In 2004, Piper appeared in the films The Calcium Kid and Things to do Before You're Thirty. Shortly before starting work on Doctor Who, she had a starring role in the horror film Spirit Trap, released in August 2005 to poor reviews. In November 2005, she starred as Hero in a BBC adaptation of Much Ado About Nothing, updated for the modern day in a similar manner to the Canterbury Tales series in which she featured, with Hero now being a weather presenter in a television station.
Piper completed work on two stand-alone television productions. In the first, a BBC adaptation of Philip Pullman's historical novel The Ruby in the Smoke which was broadcast in December 2006, she played protagonist Sally Lockhart, a Victorian orphan. The BBC planned to film all four of Pullman's Sally Lockhart novels, with Piper continuing in the role in The Shadow in the North, which was shown in December 2007. Piper made her stage debut in a touring production of Christopher Hampton's play Treats, which opened in early 2007 in Windsor, Berkshire. Treats was to have ended its tour in the West End, at the Garrick Theatre, starting in February 2007 with previews. The play officially closed in May.
In 2007, Piper appeared as Fanny Price in an adaptation of Jane Austen's novel Mansfield Park, screened on ITV1. This was her first acting role on television for a broadcaster other than the BBC. Piper has provided voice-overs for various television commercials, including one for Comfort fabric-softener airing in June 2007 and Debenhams airing in 2011. She also shared the role of Betty with Sue Johnston in the two-part TV adaptation of A Passionate Woman, screened on BBC 1 in April 2010.
Piper played Carly in the UK premiere of reasons to be pretty at the Almeida Theatre, running from November 2011 to January 2012. It received critical acclaim, with reviewers claiming it was "one of the better theatre productions I have seen". The Guardian, The Observer, Daily Mail, London Evening Standard, Metro, The Times, The Telegraph, Time Out, The Arts Desk, Daily Express, and The Financial Times all gave the production rave reviews with a minimum of four stars.

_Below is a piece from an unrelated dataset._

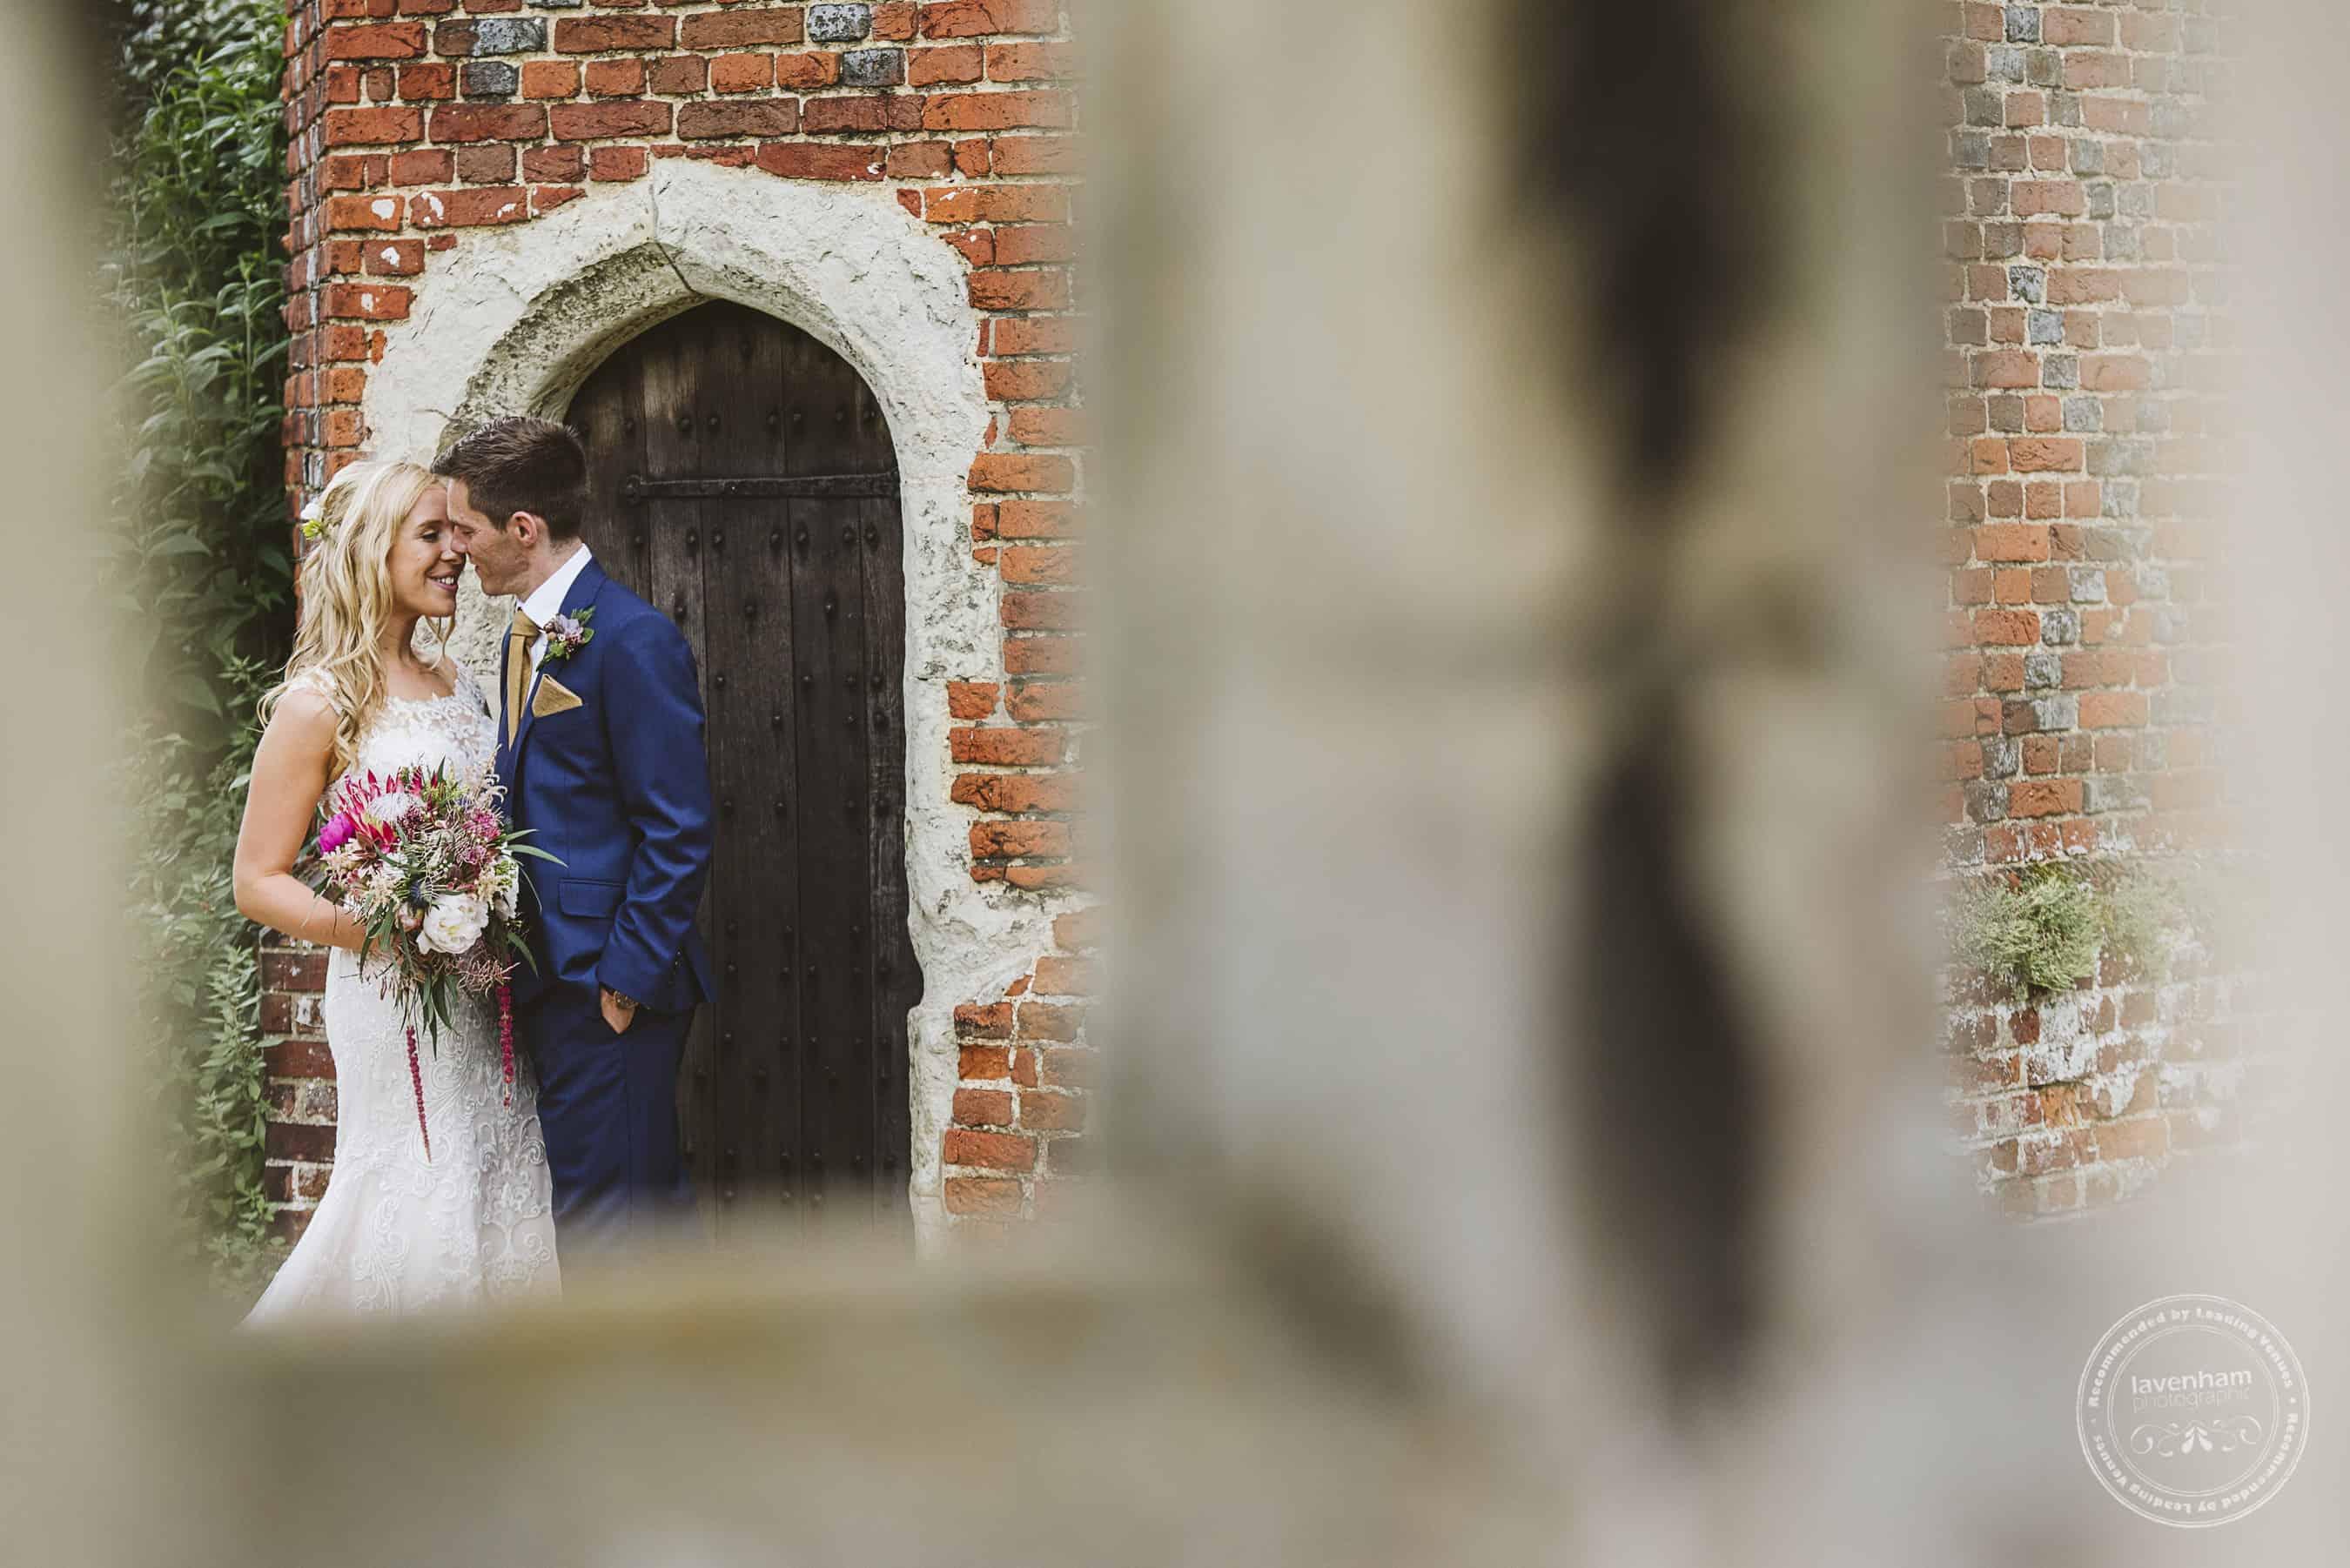 020618 Leez Priory Wedding Photography Lavenham Photographic 096

BBC Radio 4 reviewed the show live, applauding Piper as "fantastic, completely brilliant. Her performance is so convincing and moving, an absolutely terrific performance". The Jewish Chronicle hailed Piper's performance as second to none, being the best of the night, and stating that "no actor can cry more convincingly than Piper", giving the show four stars.
In August 2012, it was reported that Piper would make her National Theatre debut in a play by Secret Diary of a Call Girl creator Lucy Prebble titled The Effect, which ran from November 2012 to February 2013. Within days of the opening preview nights, the show received critical acclaim, focusing primarily on Piper's performance. The play went on to become the most critically acclaimed show of the season with Piper going on to be nominated for the What's on Stage Best Actress award for her work in The Effect. The play was also nominated for Best New Play and Best Set Designer.
Due to success and demand, the show was extended for a further month and an online petition was started for the show to be added to the National Theatre's Live Programming. In 2013, Piper was nominated for Best Actress at the Olivier Awards and Evening Standard Theatre Awards for The Effect.
Piper dated Five member Ritchie Neville. She then married businessman, DJ, and television presenter Chris Evans in a secret ceremony in May 2001, in Las Vegas after six months of dating. Their marriage attracted much comment due to Evans being 16 years older than Piper. The couple separated in 2004, and divorced in May 2007. They have remained friends.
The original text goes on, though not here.